CINDEFI   05381
CENTRO DE INVESTIGACION Y DESARROLLO EN FERMENTACIONES INDUSTRIALES
Unidad Ejecutora - UE
congresos y reuniones científicas
Título:
Microscopy and molecular techniques applied to study biofilms in drinking water closed loop
Autor/es:
RASTELLI S.E, VIERA M.R AND ROSALES B.M.
Lugar:
Perth
Reunión:
Congreso; 18th International Corrosion Congress; 2011
Institución organizadora:
International Corrosion Council
Resumen:
During water distribution operation, tubing material is submitted to permanent contact with aquatic microbial species. They colonize the network surface forming biofilms which frequently cause corrosion on metallic substrata. The present study approaches the analyses of laboratory biofilms formed on water pipe materials from several (SEM, ESEM, CLSM) microscopy techniques point of view and also from a microbial ecological analysis using DGGE for the study of the communities formed on each substrate.
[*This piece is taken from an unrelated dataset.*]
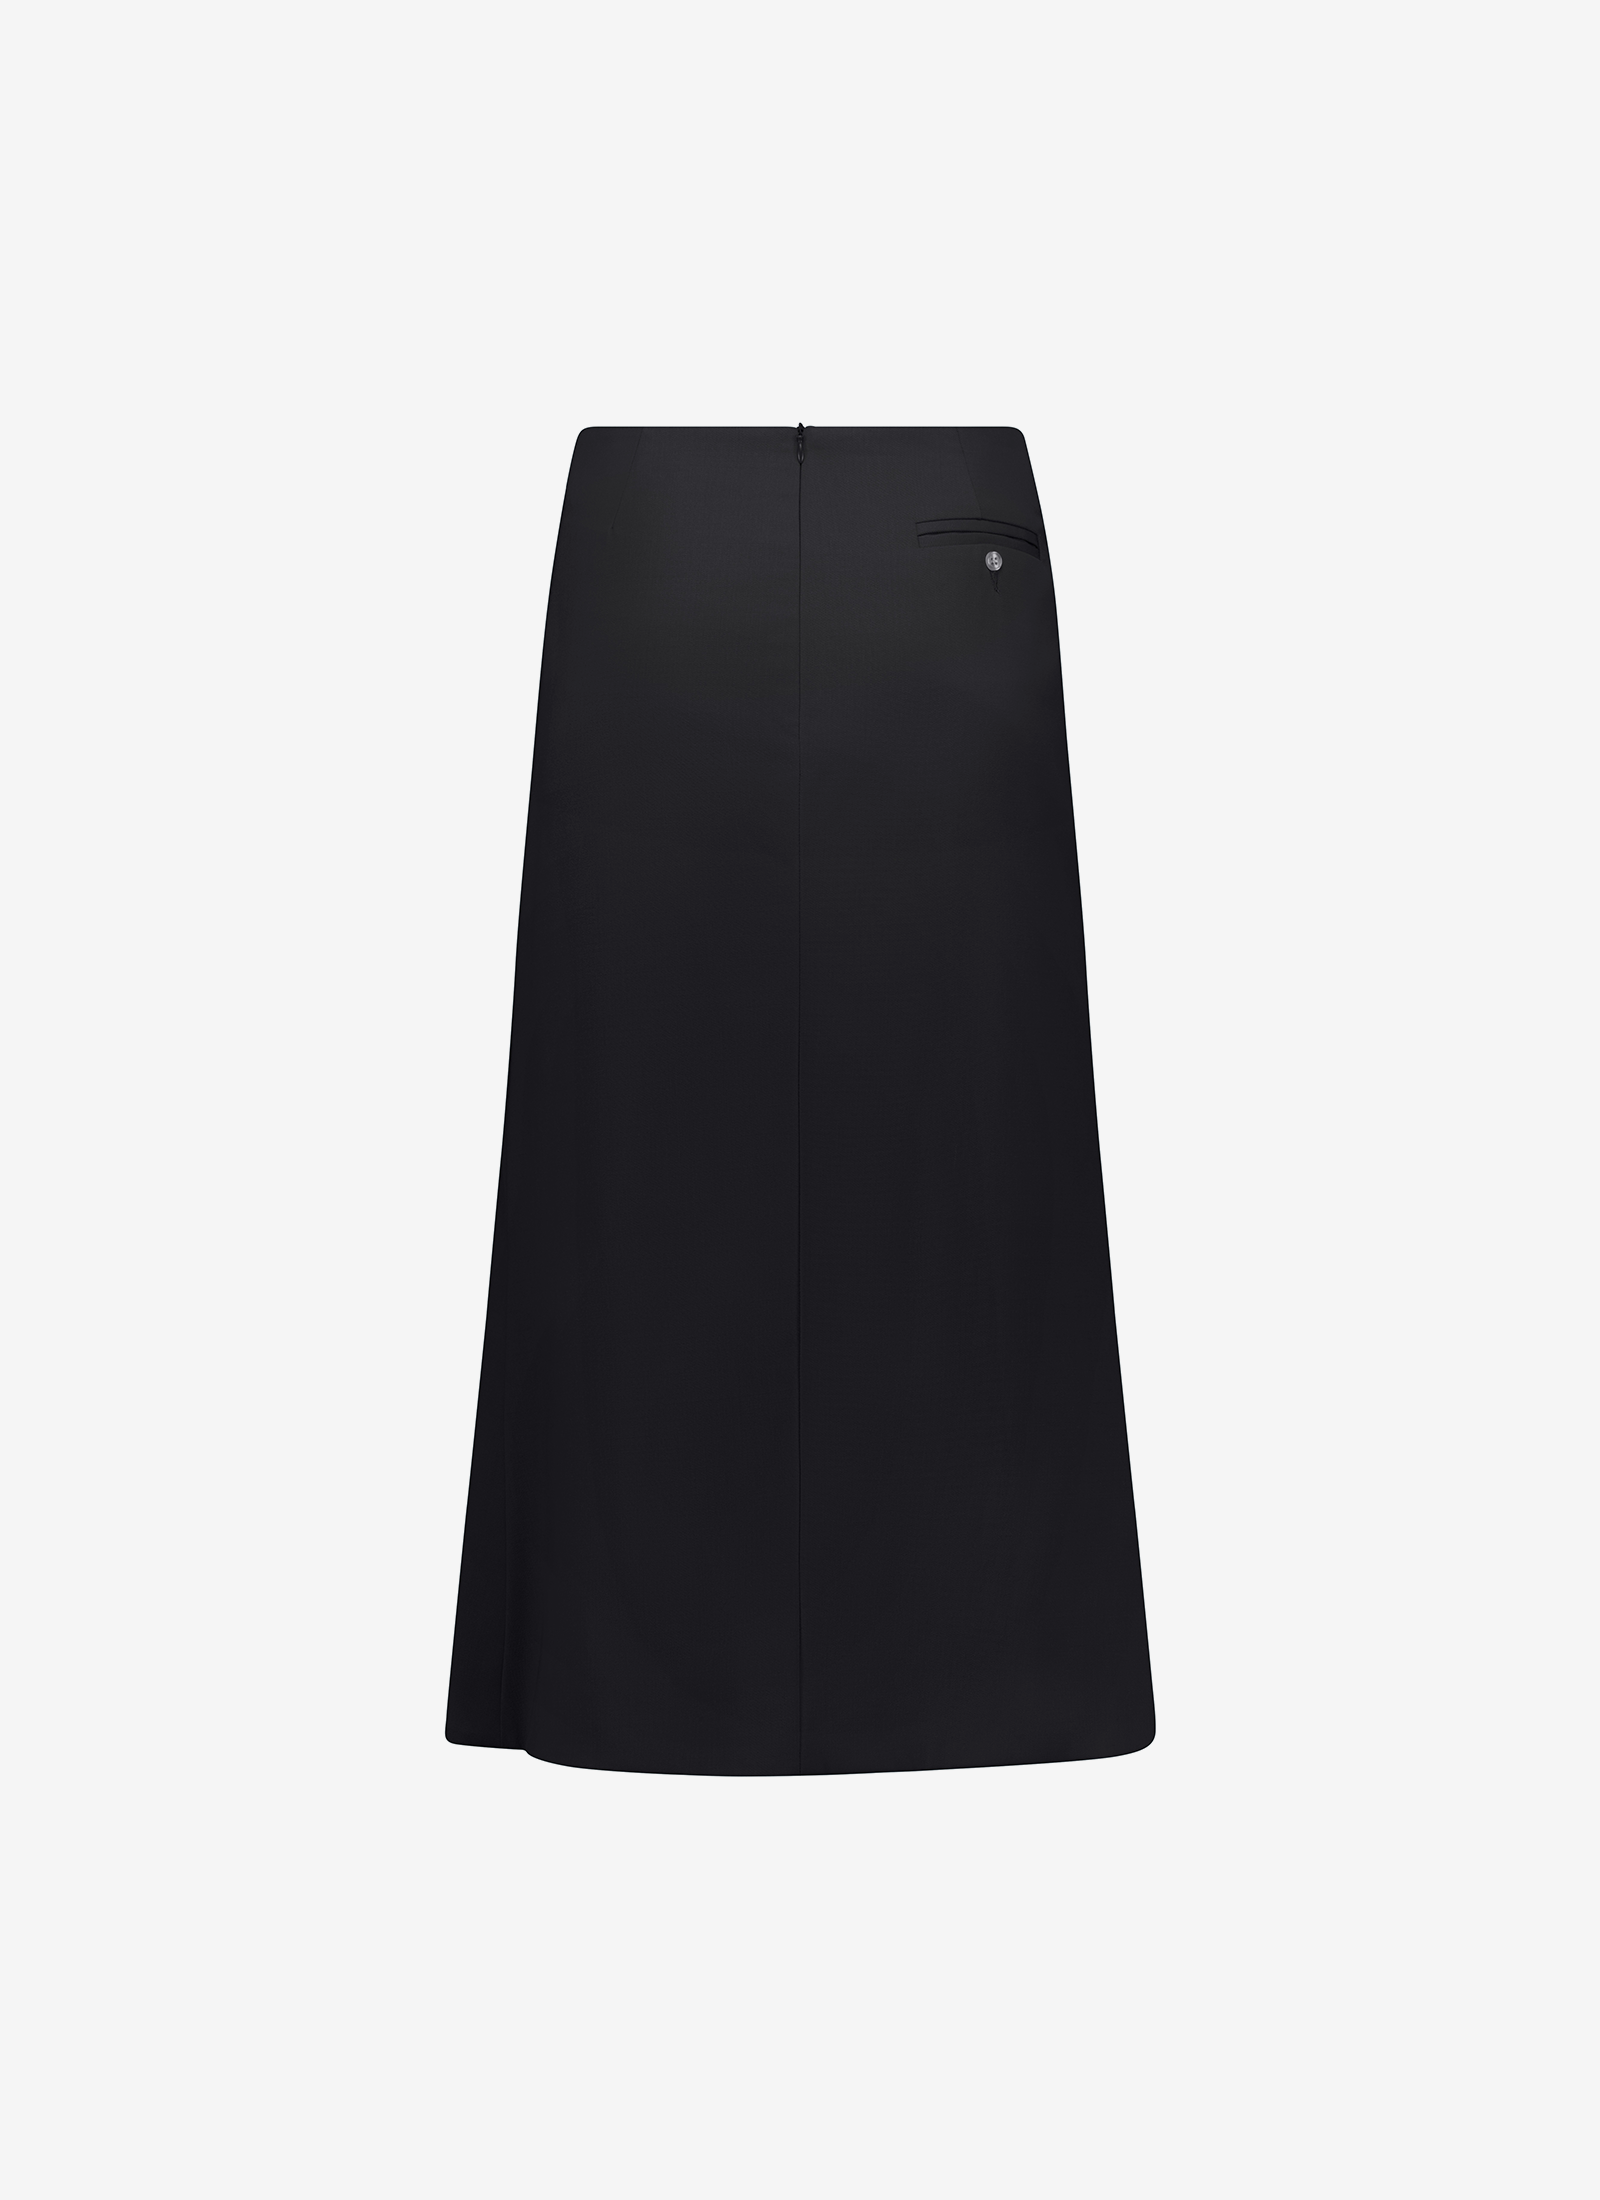 Gita Skirt - Black

Microbial interactions with the different materials were described using an ample range of magnification. Three commercial metals (Fe, Zn, Cu) and polypropylene tubing used as substrata revealed very different behaviours. On Fe and Zn we/its/is observed hemispherical localized attack with corrosion products accumulated at the bottom, while the localized attack of the Cu reveals the alloy crystallography. PP samples did not reveal any biodegradation damage associated to the bacterial biofilm settlement. The results suggest a correlation amongst the different attack morphologies, the biofilm 3-D structures and the genetic profile of the established communities.